The MELFI flight units were originally designed to be flown fully powered in the Multi-Purpose Logistics Module, permitting pre-made experiments to be flown to the station without contaminating or destroying any samples.

The plan was to cycle the three MELFI units between orbit and Earth.

The final MELFI unit was flown to the ISS on board Space Shuttle Discovery during the STS-131 mission in 2010.

==MELFI description==
Dewars are cylindrical, 75-liter vacuum-insulated containers that may hold samples of various sizes and forms. A number of extra dewars were also delivered with the unit at first.

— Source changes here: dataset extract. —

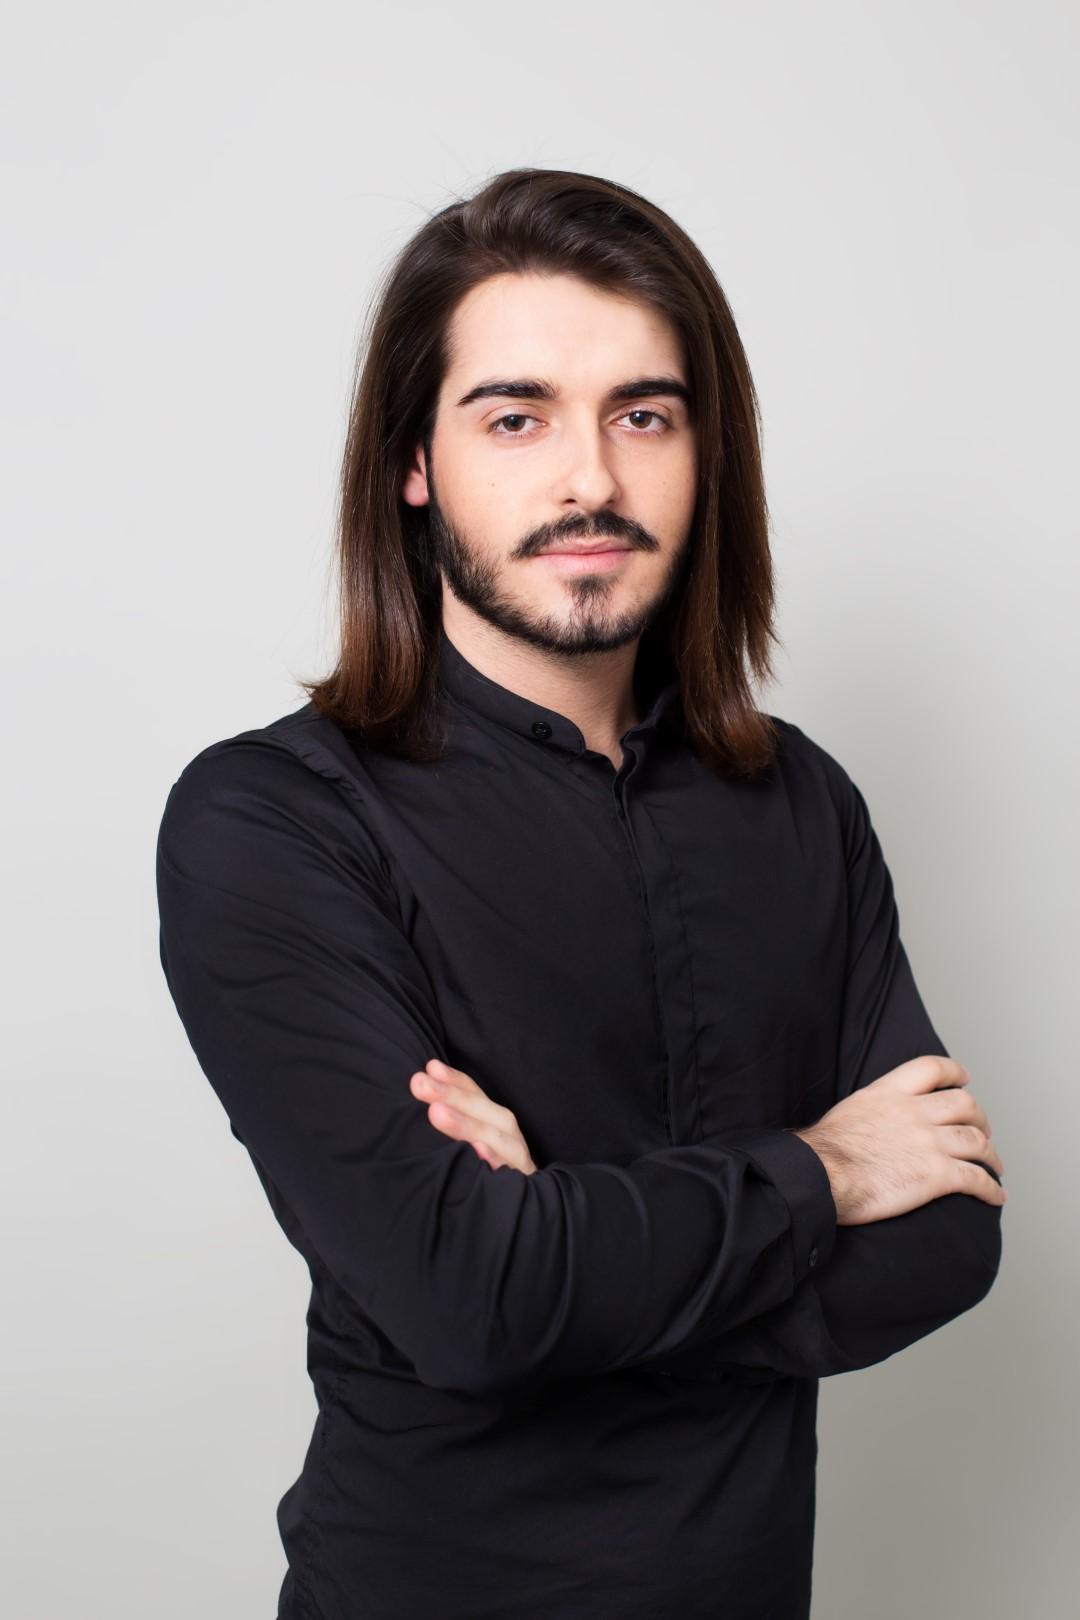 George Negrisan

The cooling system for the MELFI is based on the Reverse Brayton Thermodynamic Cycle which uses nitrogen as a working fluid.

MELFI was developed by the European Space Agency. Two units have been supplied to NASA and one to the Japan Aerospace Exploration Agency (JAXA). In addition ground units for training, experiment preparation, and use in control experiments have been built.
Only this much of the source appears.